## Exercise
Your answer must be the full listing, reproduced exactly, minus any pictures.

## Data provided
>>>>

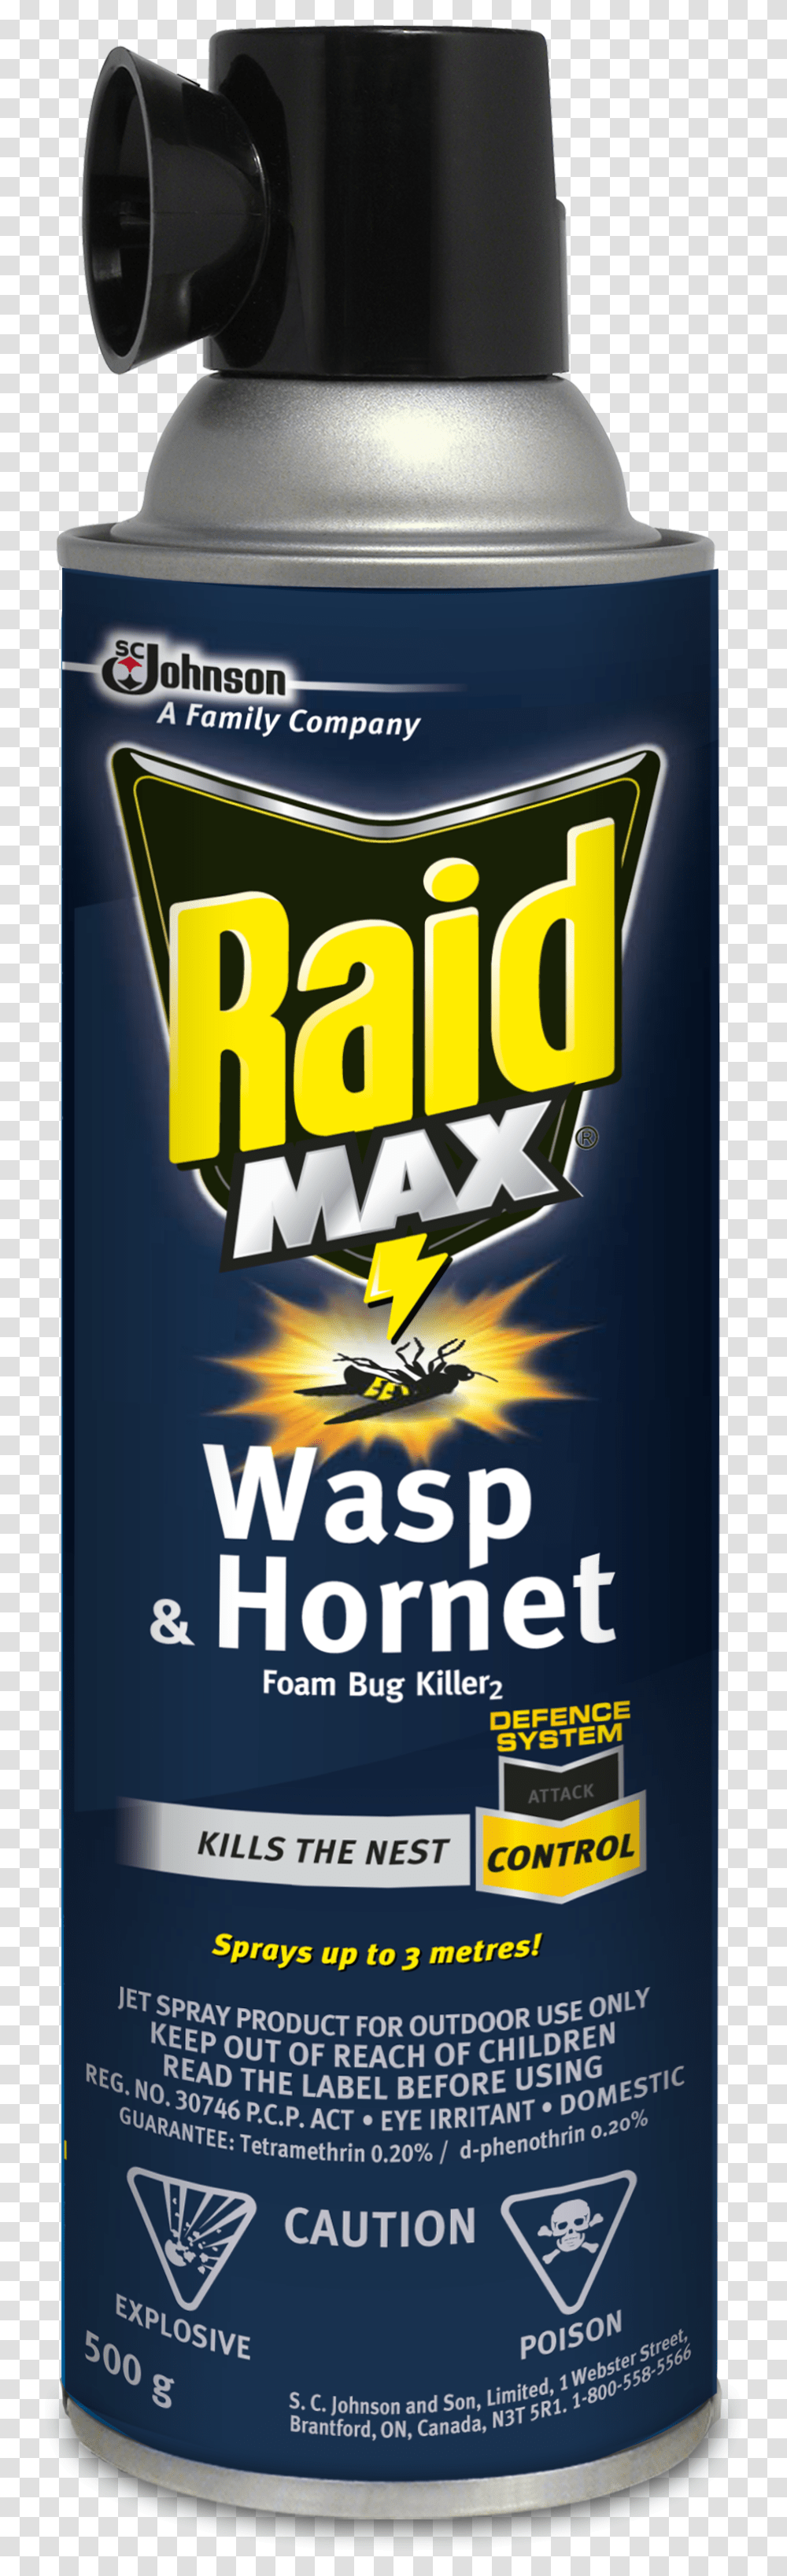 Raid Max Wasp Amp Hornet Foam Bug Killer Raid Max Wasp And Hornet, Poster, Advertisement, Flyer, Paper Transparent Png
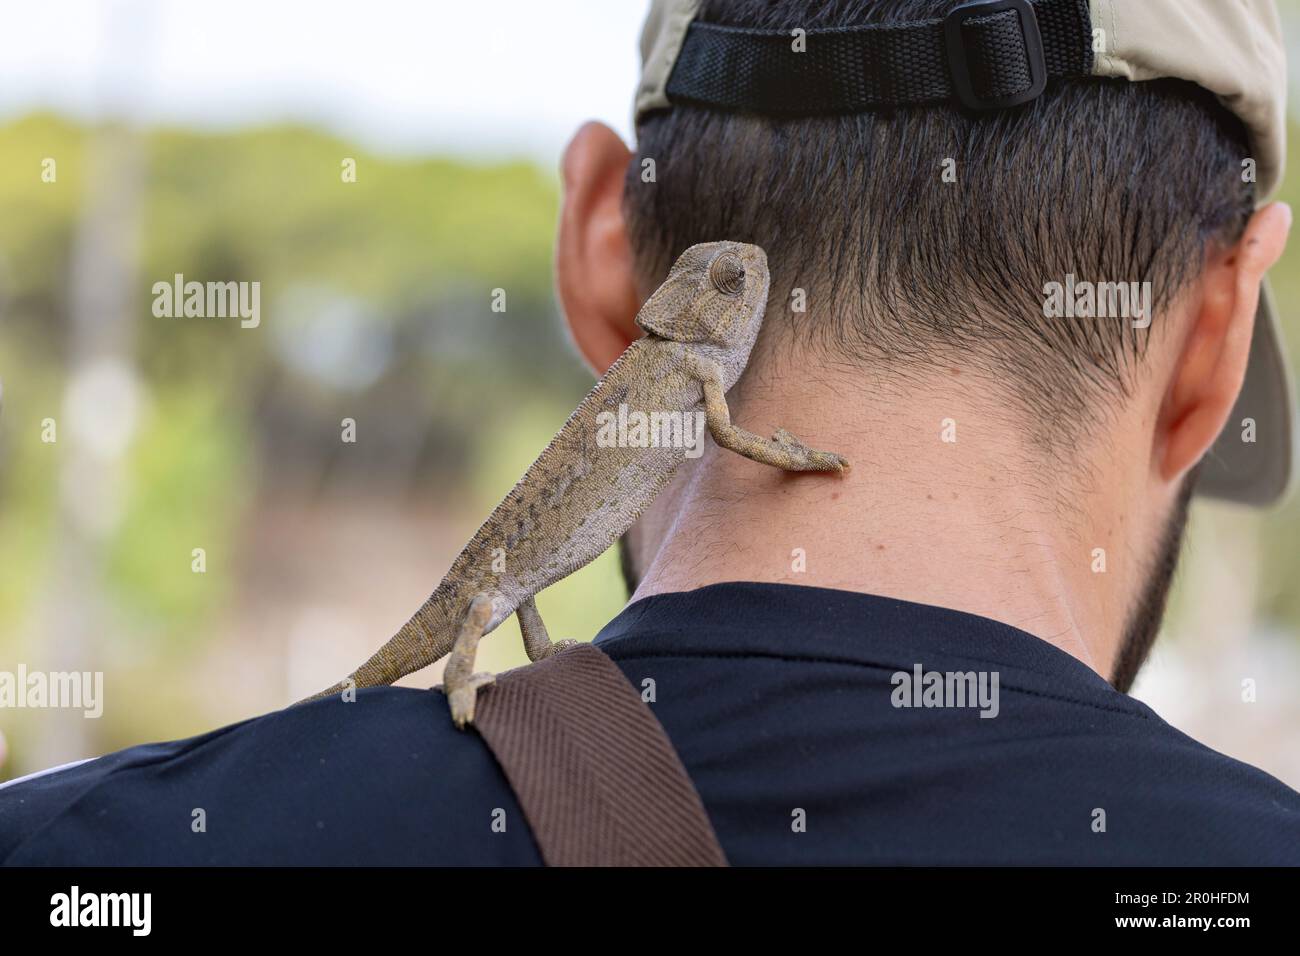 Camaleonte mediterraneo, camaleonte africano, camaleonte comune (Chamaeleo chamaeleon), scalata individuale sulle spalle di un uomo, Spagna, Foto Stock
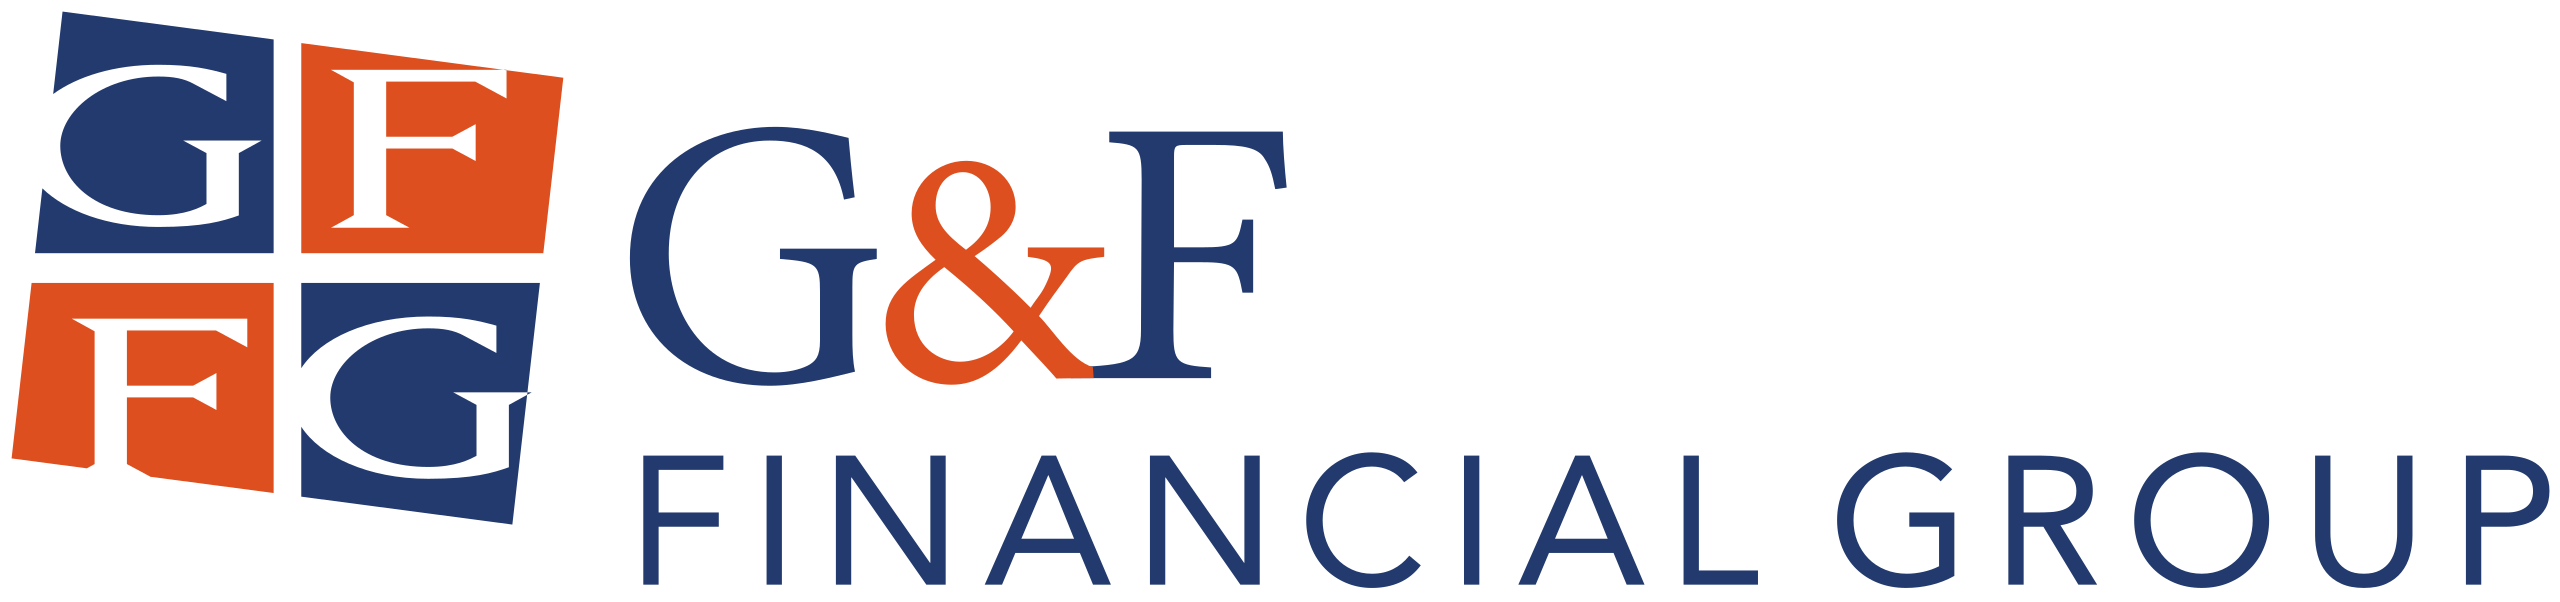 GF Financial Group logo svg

<<<<

## Response area
 Raid Max Wasp Amp Hornet Foam Bug Killer Raid Max Wasp And Hornet, Poster, Advertisement, Flyer, Paper Transparent Png
 Camaleonte mediterraneo, camaleonte africano, camaleonte comune (Chamaeleo chamaeleon), scalata individuale sulle spalle di un uomo, Spagna, Foto Stock
 GF Financial Group logo svg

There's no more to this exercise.